───── Input data

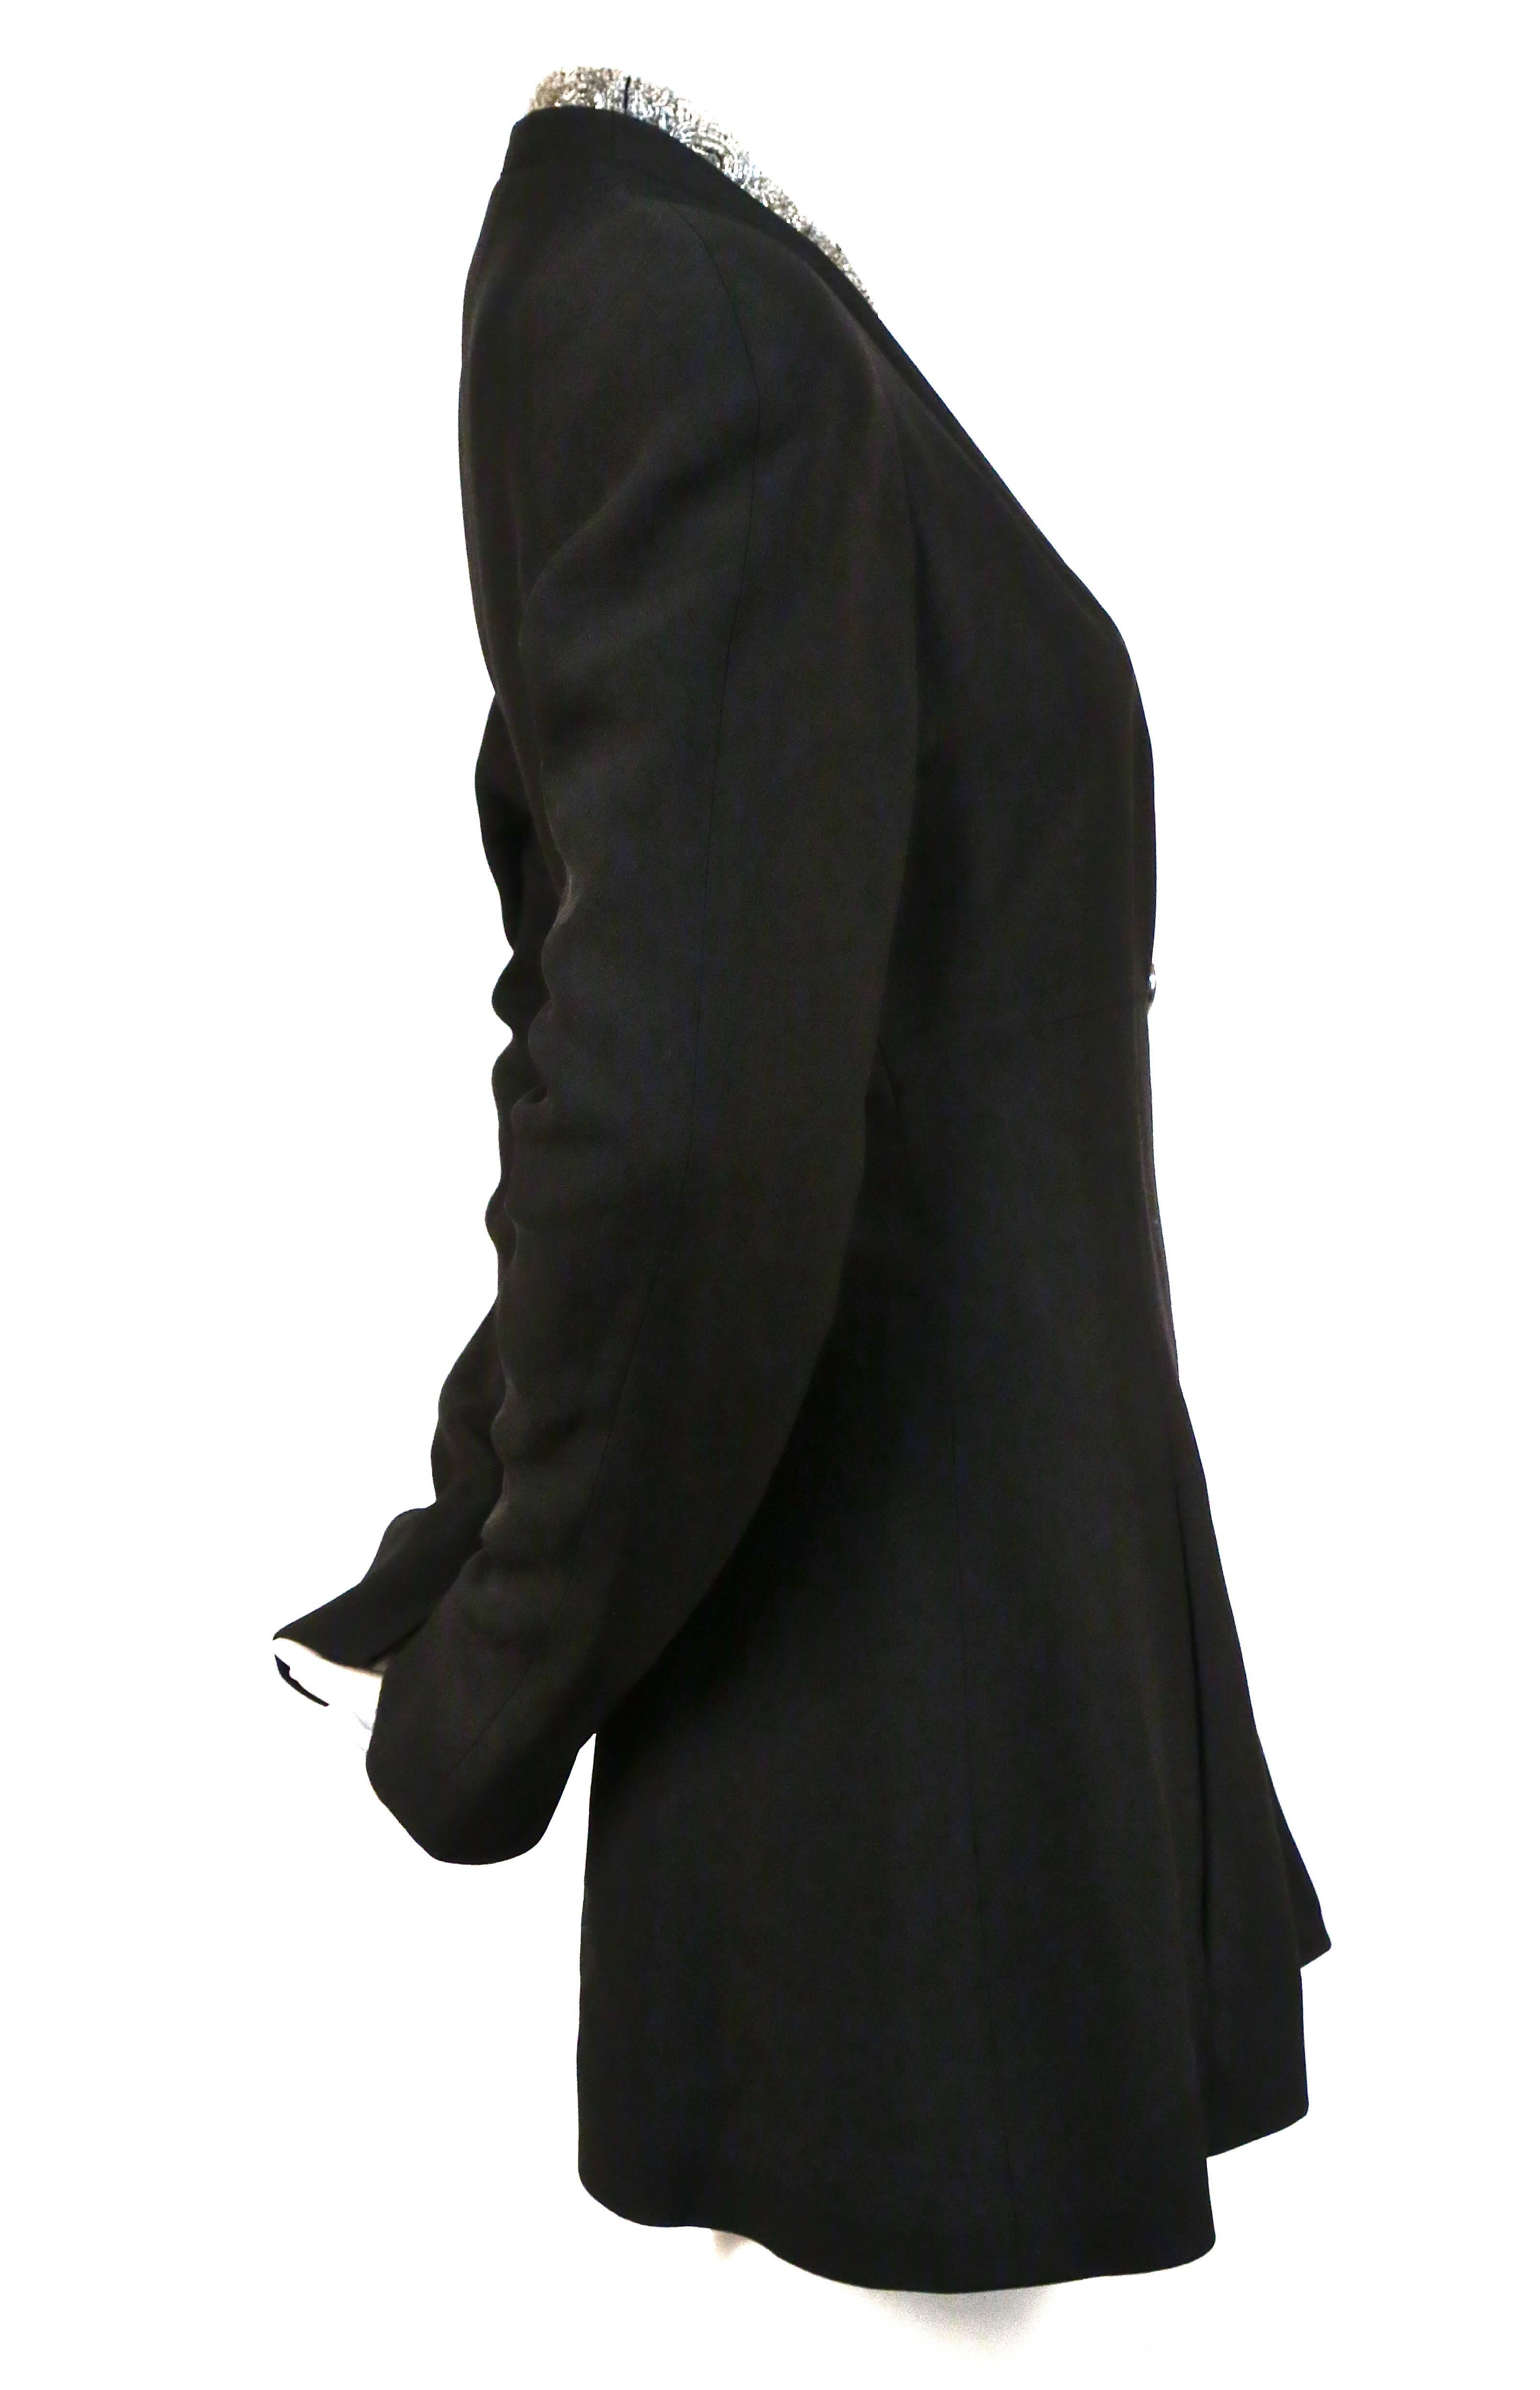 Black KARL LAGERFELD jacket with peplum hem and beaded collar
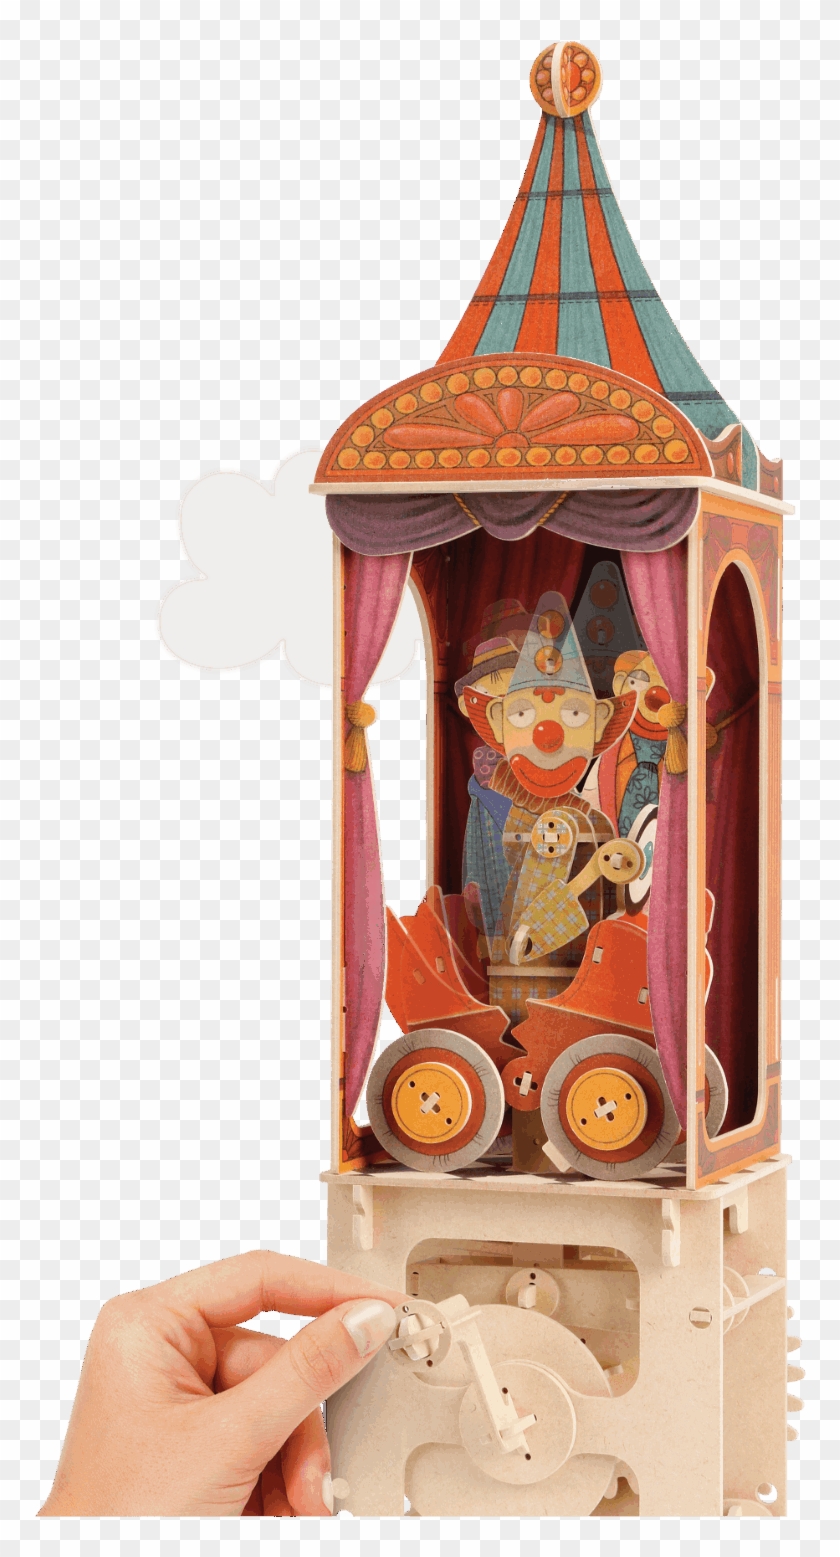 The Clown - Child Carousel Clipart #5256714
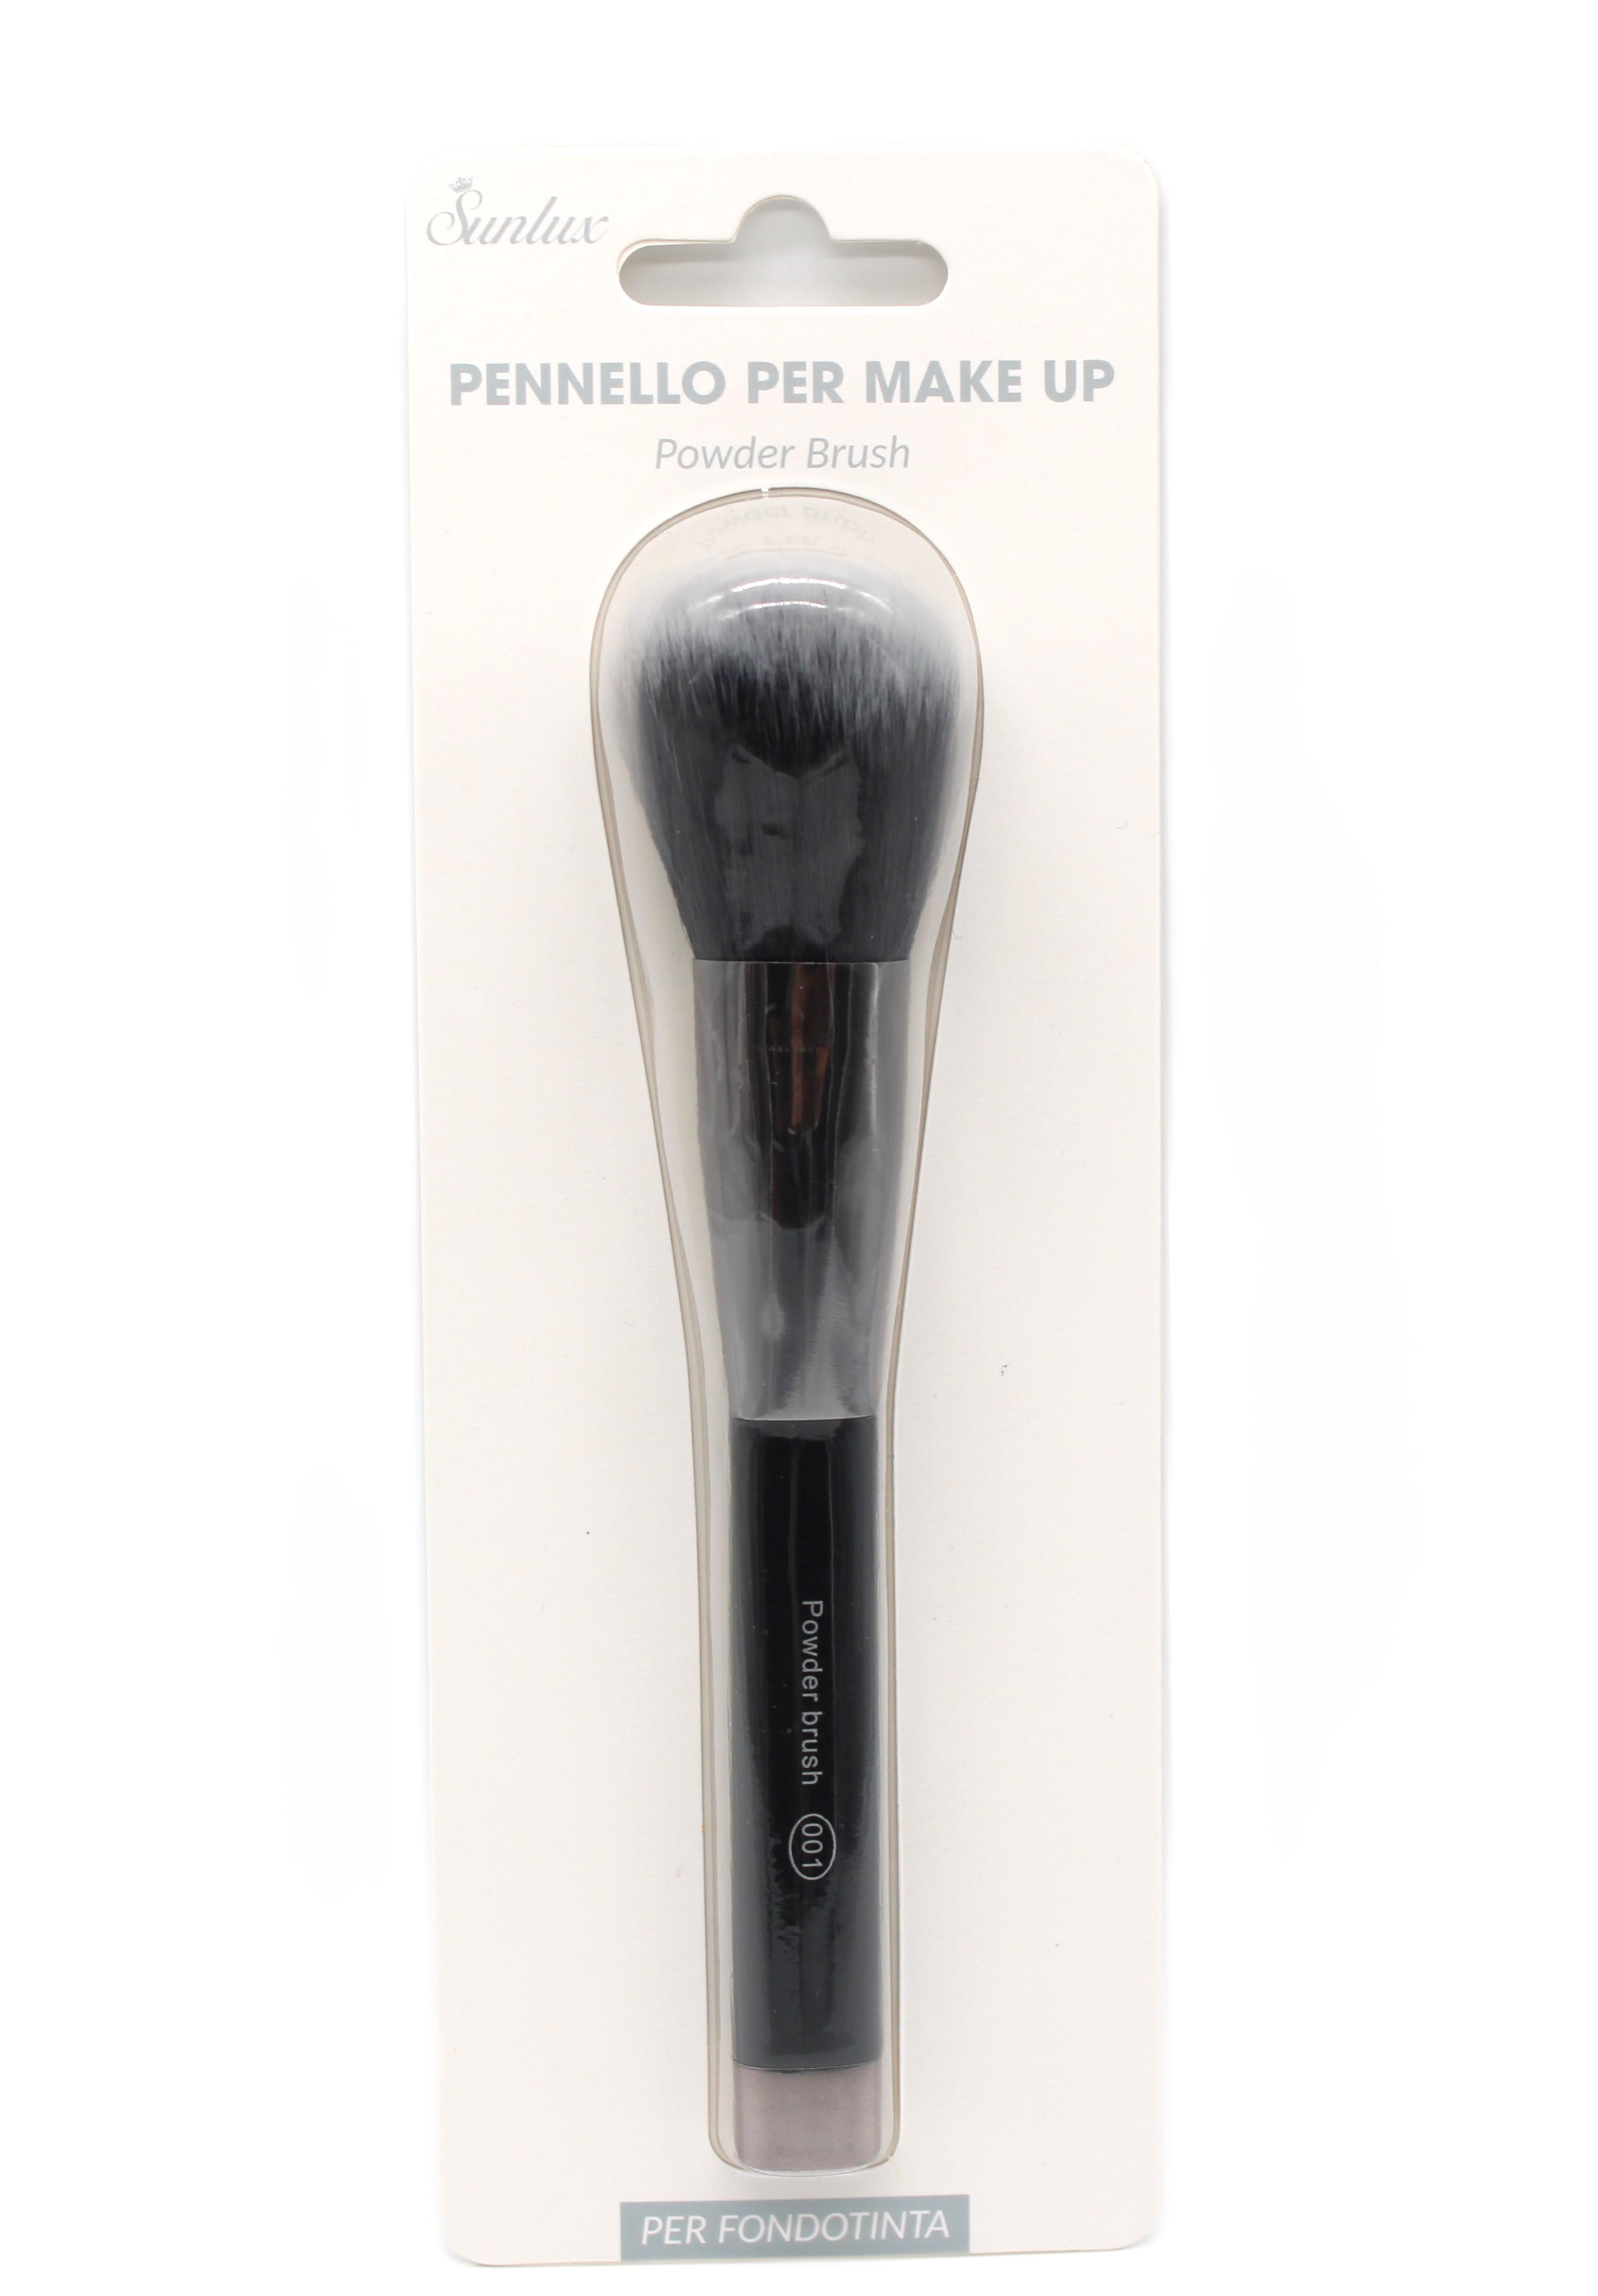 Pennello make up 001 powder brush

──────────

Reproduce the entire listing exactly, but omit any pictures.

▶ [Your solution]
 Black KARL LAGERFELD jacket with peplum hem and beaded collar
 The Clown - Child Carousel Clipart #5256714
 Pennello make up 001 powder brush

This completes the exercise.